Apple is partnering with labor unions and education experts in a $50 million initiative to support workers across its supply chain.
The iPhone maker’s Supplier Employee Development Fund will go toward career skills, education initiatives and workplace rights, Apple said in a press release on Wednesday (March 30).
As part of the commitment, Apple is supporting the programs created by the International Labour Organization (ILO) and the International Organization for Migration (IOM).
“At IOM, we understand that supply chain responsibility is complex and must be driven by innovation, results, and partnerships,” Amy Pope, IOM’s deputy director general for management and reform, said in the release. “Improving people’s lives must be at its core.
“The IOM and Apple partnership has proven results in Apple’s own supply chain and paves the way for others in the industry to follow. To effect real change, we need global collaboration that engages workers, NGOs, government, and industry.

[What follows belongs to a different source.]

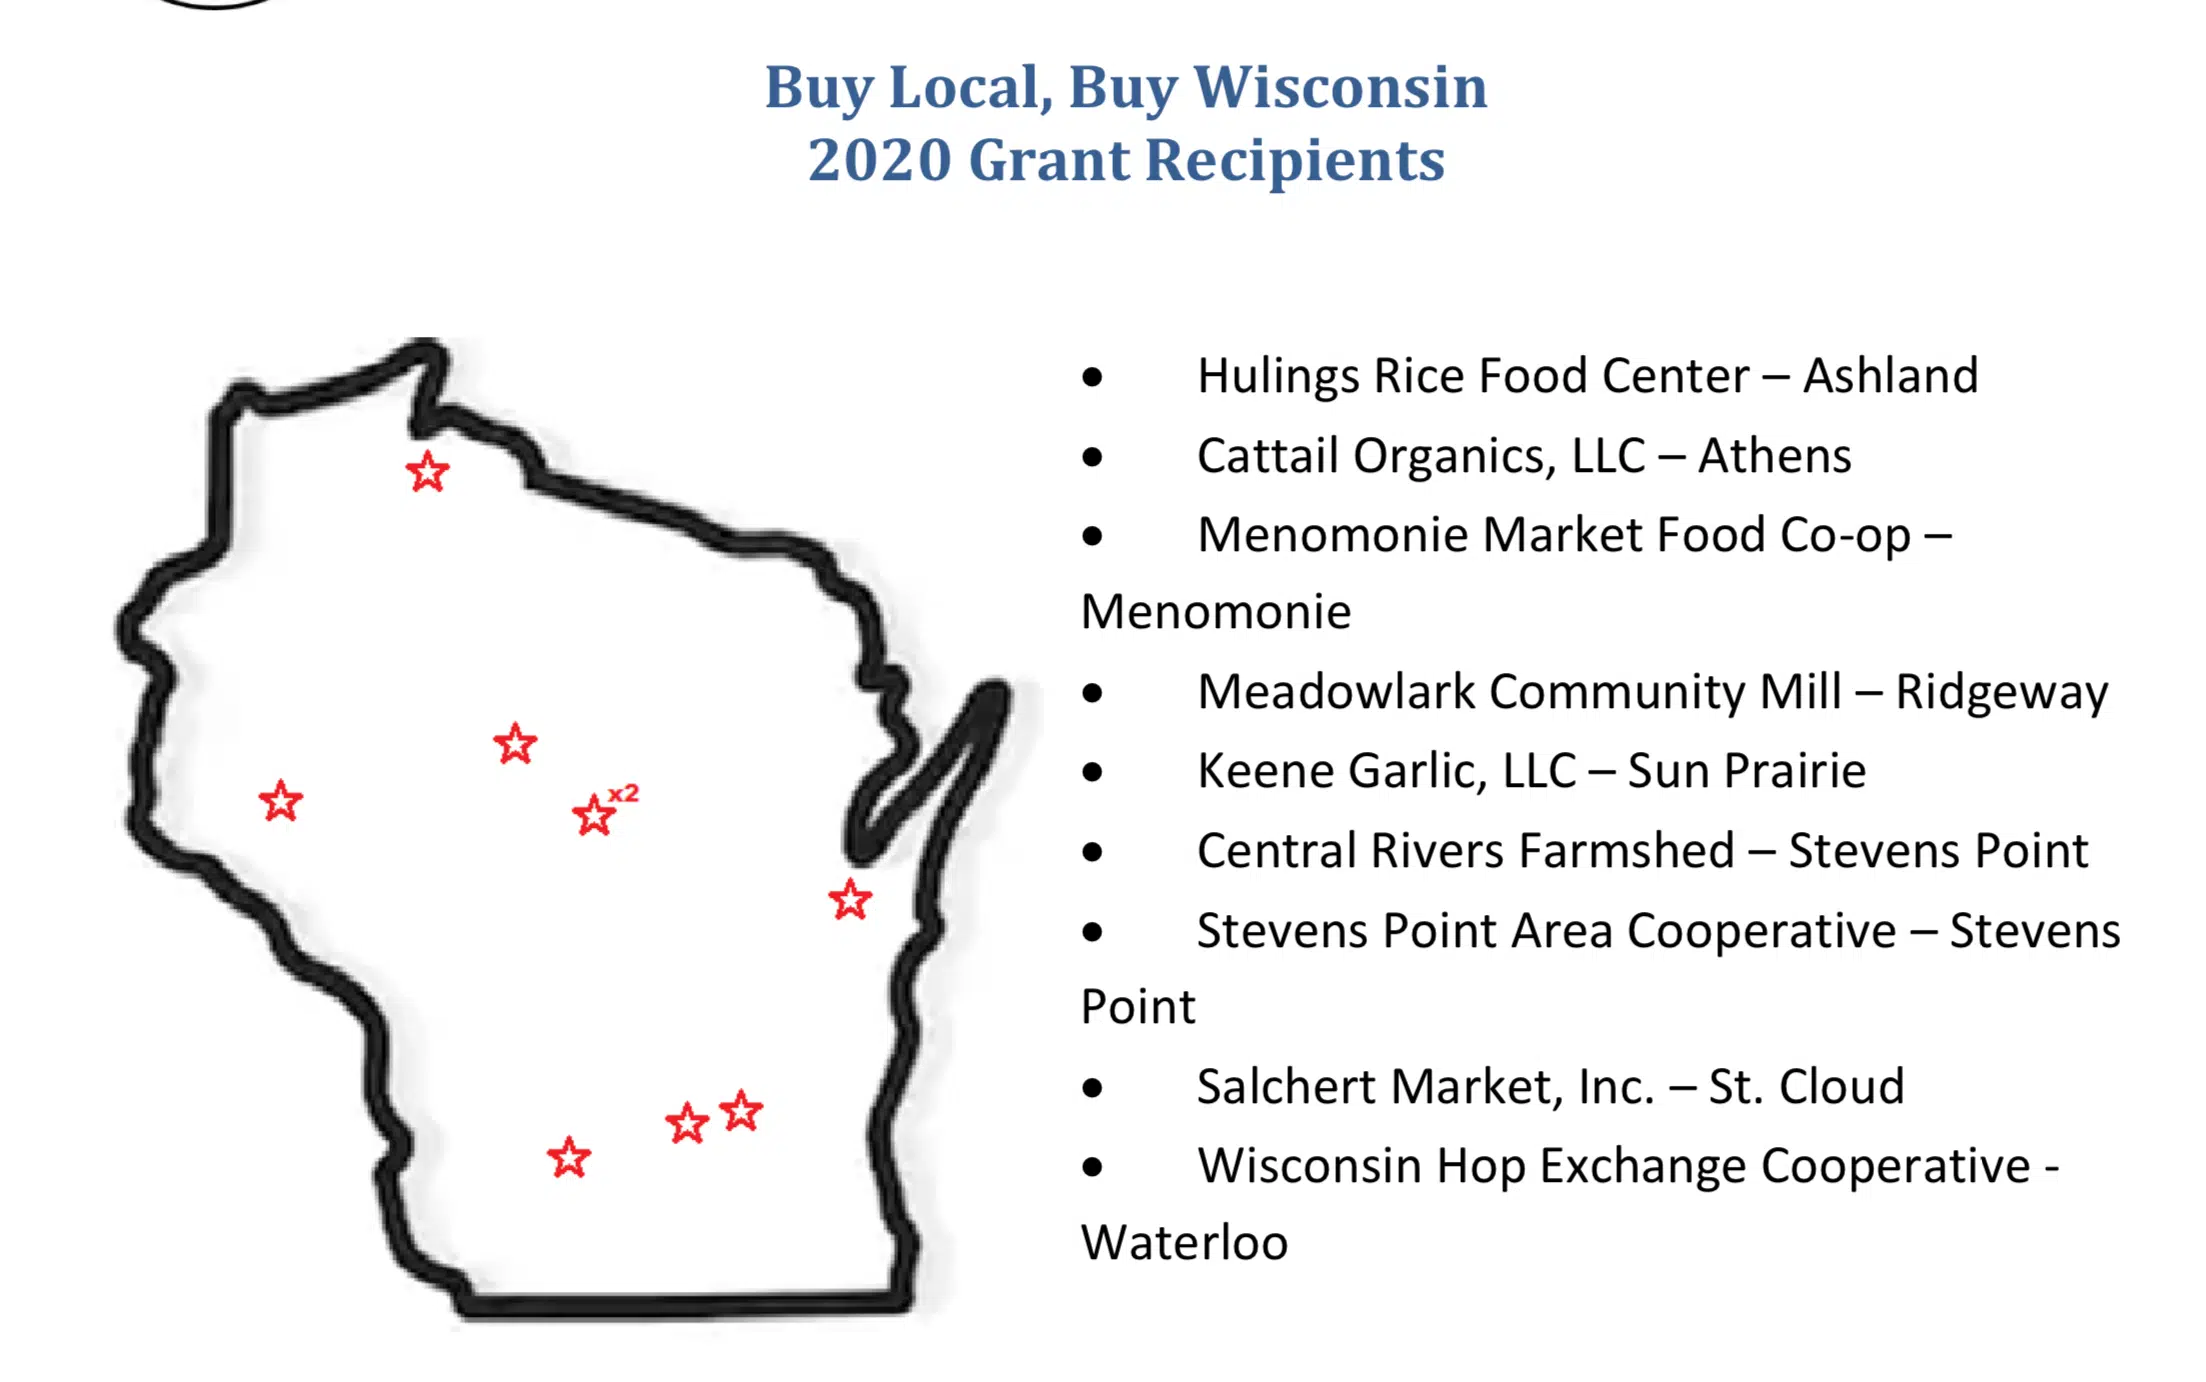 Buy Local, Buy Wisconsin Grant Recipients Announced

Apple’s new commitments will have tangible, meaningful benefits for workers around the world.”
Apple also released its 16th annual People and Environment in Our Supply Chain report, which focuses on the company’s environmental initiatives, health and safety measures and forced-labor prevention strategy.
“We put people first in everything that we do, and we’re proud to announce a new commitment to accelerate our progress and provide even more opportunities for people across our supply chain,” said Sarah Chandler, Apple’s senior director of environment and supply chain innovation. “Together with rights advocates and education leaders, we are continuing to drive new innovation to support people and the planet.”
While Apple has offered in-person and virtual education, skill-building and enrichment courses since 2008, the Supplier Employee Development Fund expands its offerings to benefit supply chain workers worldwide, per the release. Initial courses will be available in the U.S., China, India and Vietnam.
By 2023, Apple expects more than 100,000 supplier employees to participate in new learning opportunities.
According to the report, Apple found 11 violations of its Supplier Code of Conduct in 2021, up from 10 violations the previous year. This included nine instances of suppliers falsifying records to cover up violations of working-hours limits, plus two instances of facilities requiring foreign contract workers to pay recruitment fees.